An Arizona court awarded damages to a computer purchaser in a similar case, but the award was reversed on appeal -- based on the contract language.

But it's still an uphill battle. A purchaser should try to eliminate this limitation-of-liability clause from a computer contract, or at least soften its effect by trying to include a limit on the amount of damages for which the vendor could be liable in case of a costly failure.

Leasing agreements. Because of the staggering cost of larger computer systems, most purchases are made through some sort of lease or lease-purchase agreement with a third-party leasing company. This is a plus for companies that can't afford the cash outlay but need a computer.

But what happens if the vendor breaches his contract? Or fails to perform under the warranty? You have paid the vendor with money borrowed from a leasing company, and the leasing company wants its payments on schedule. If this potential situation isn't clarified in your contract, your company is left with no bargaining power and a computer that doesn't work.
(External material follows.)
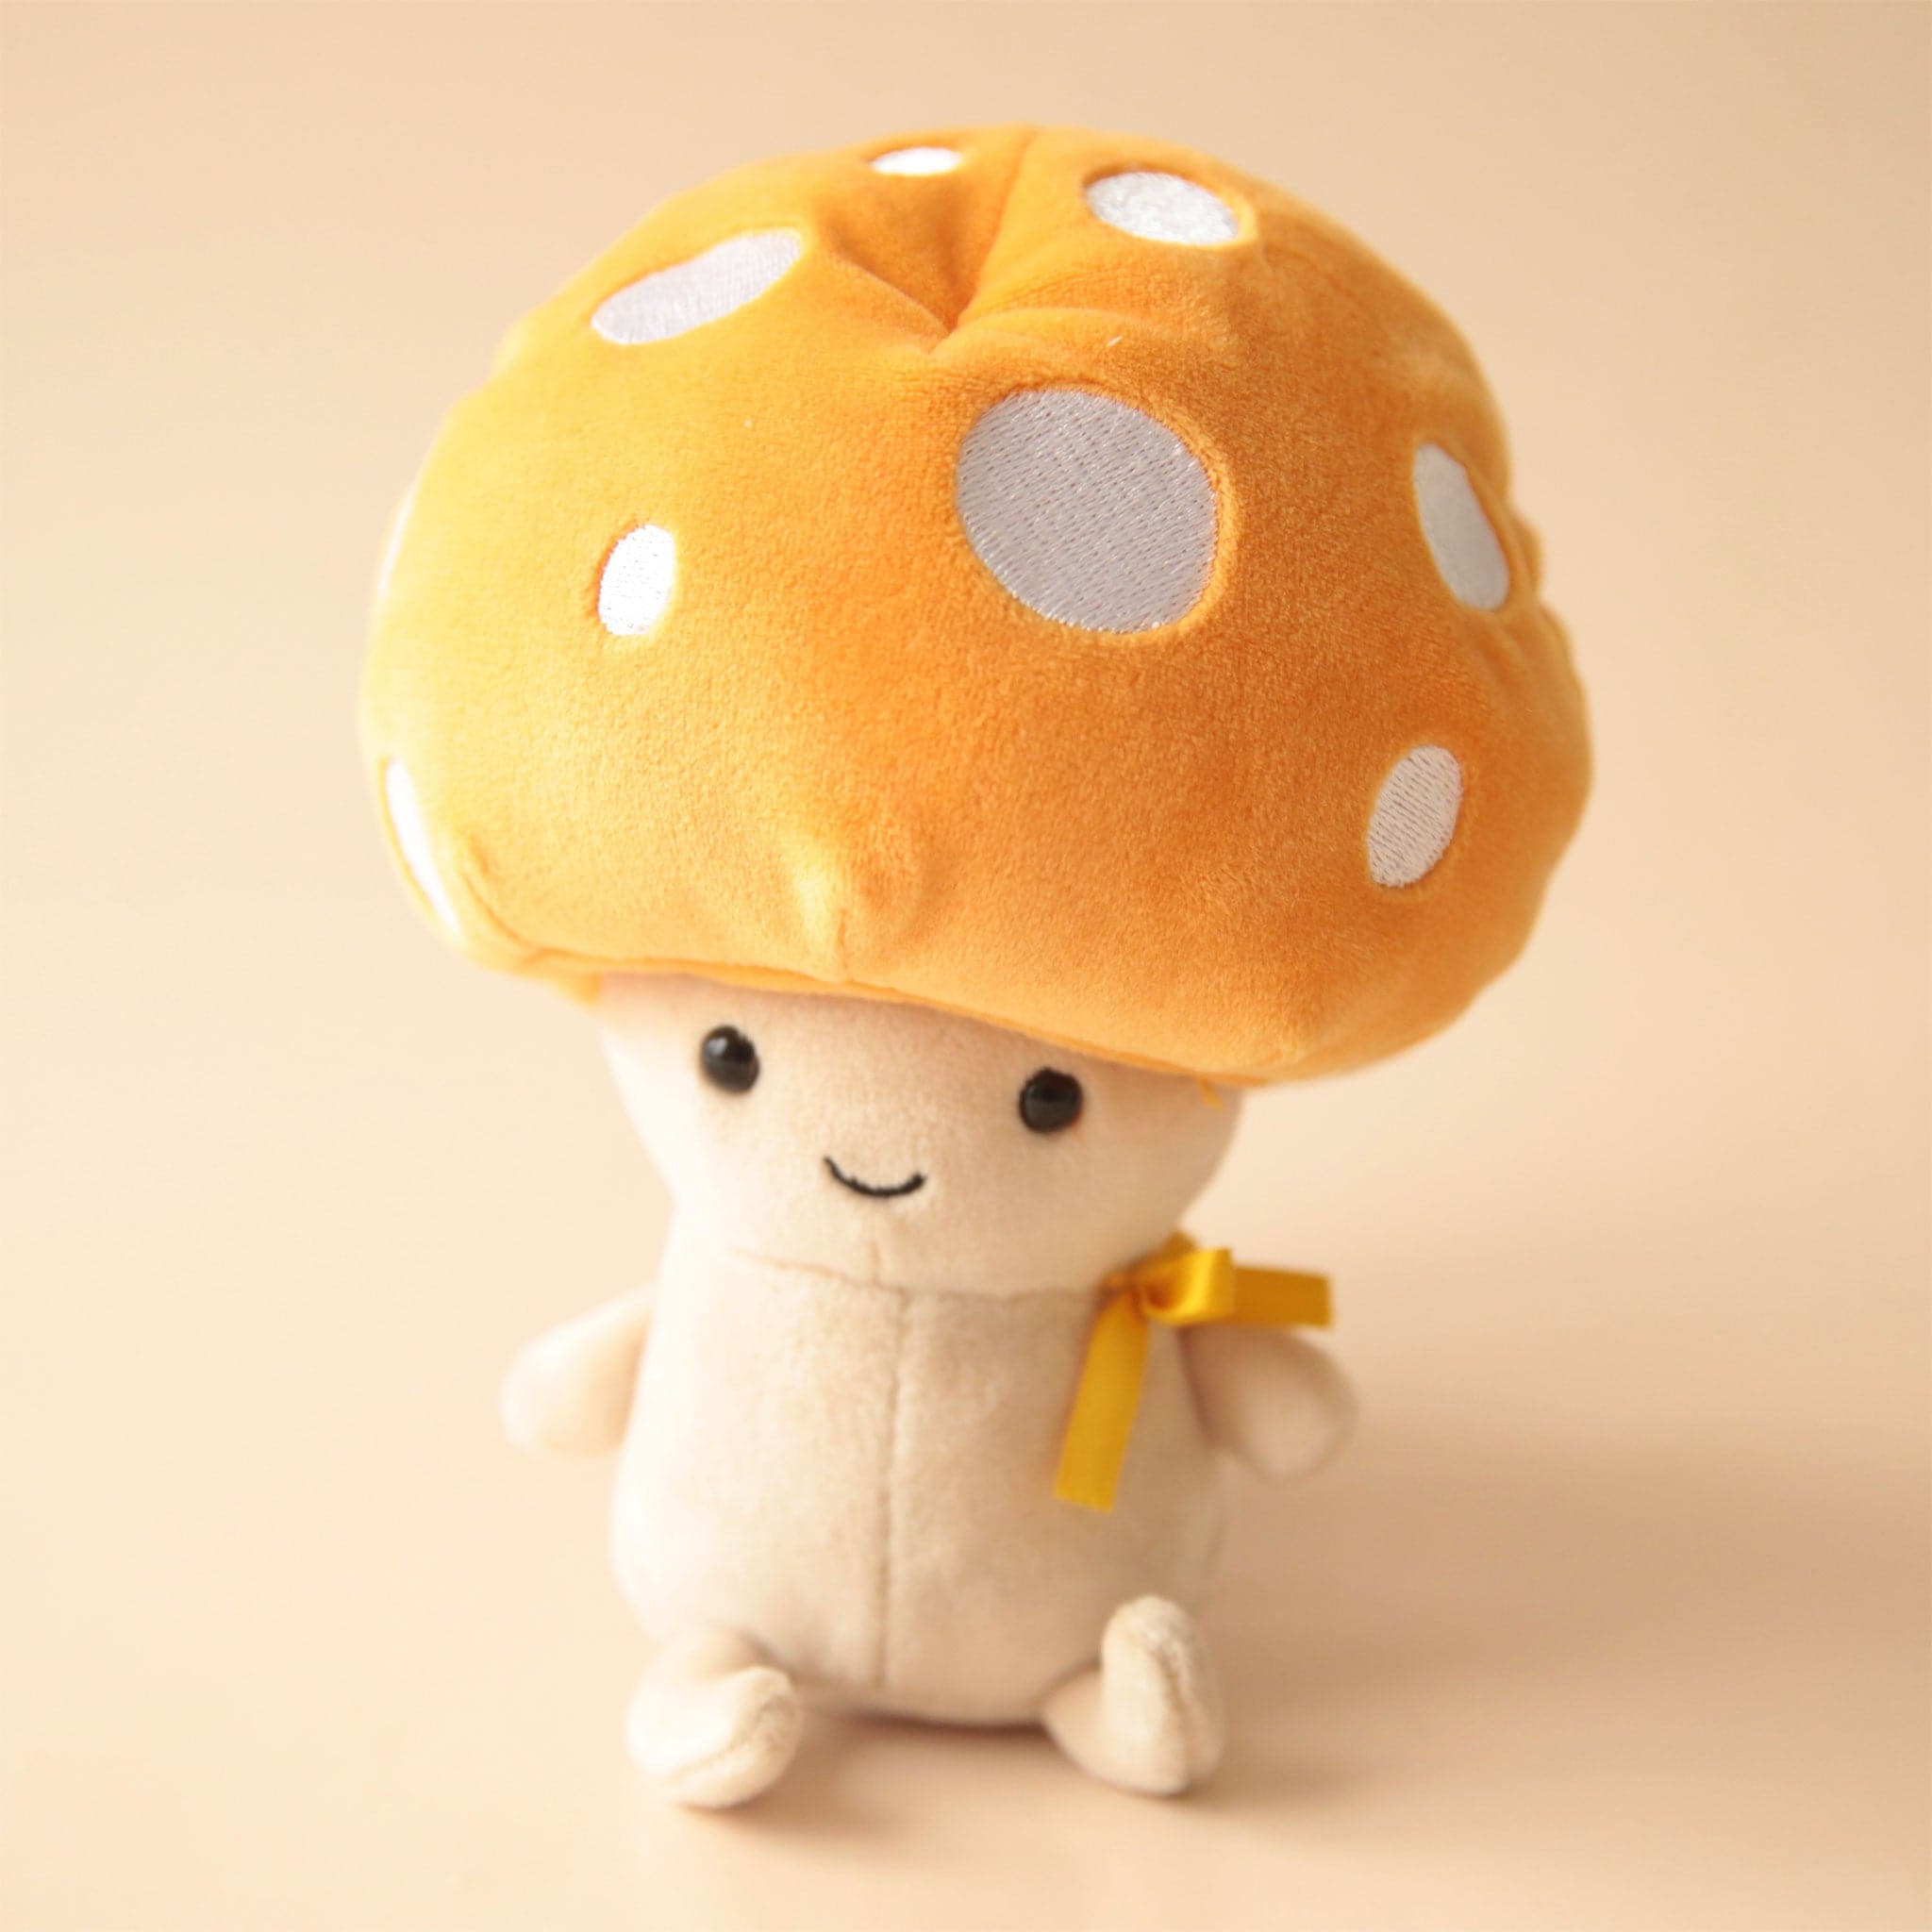 A sweet cuddling mushroom guy with a yellow and white spotted top and cream body.

I'm currently involved in such a case. A company purchased an additional drive for its computer -- $20,000 worth of equipment -- from a systems house, and financed the transaction through a leasing company.

The drive never functioned properly, and the purchaser is refusing to pay on the lease until the unit is replaced or repaired. Enter the manufacturer of the drive. He claims that the drive works fine, and is threatening to sue the systems house for nonpayment. The leasing company is getting impatient with the nonpaying purchaser. While all this yelling is going on, the real loser is the company that bought the drive. It has an obligation to pay for something that doesn't work.

The company could have protected itself by covering such a situation in its lease agreement with the leasing company and in its contract with the systems house. The two agreements can work together to spell out what happens if the equipment fails to operate and the warranty isn't honored. Of course, the customer, the vendor, and the leasing company must agree to compatible provisions.

The key, then, is to negotiate hard for contract terms that benefit your company when you're planning that new computer or adding to an existing system. It not only puts pressure on the vendor, but it also makes things easier if you ever end up in court over a problem.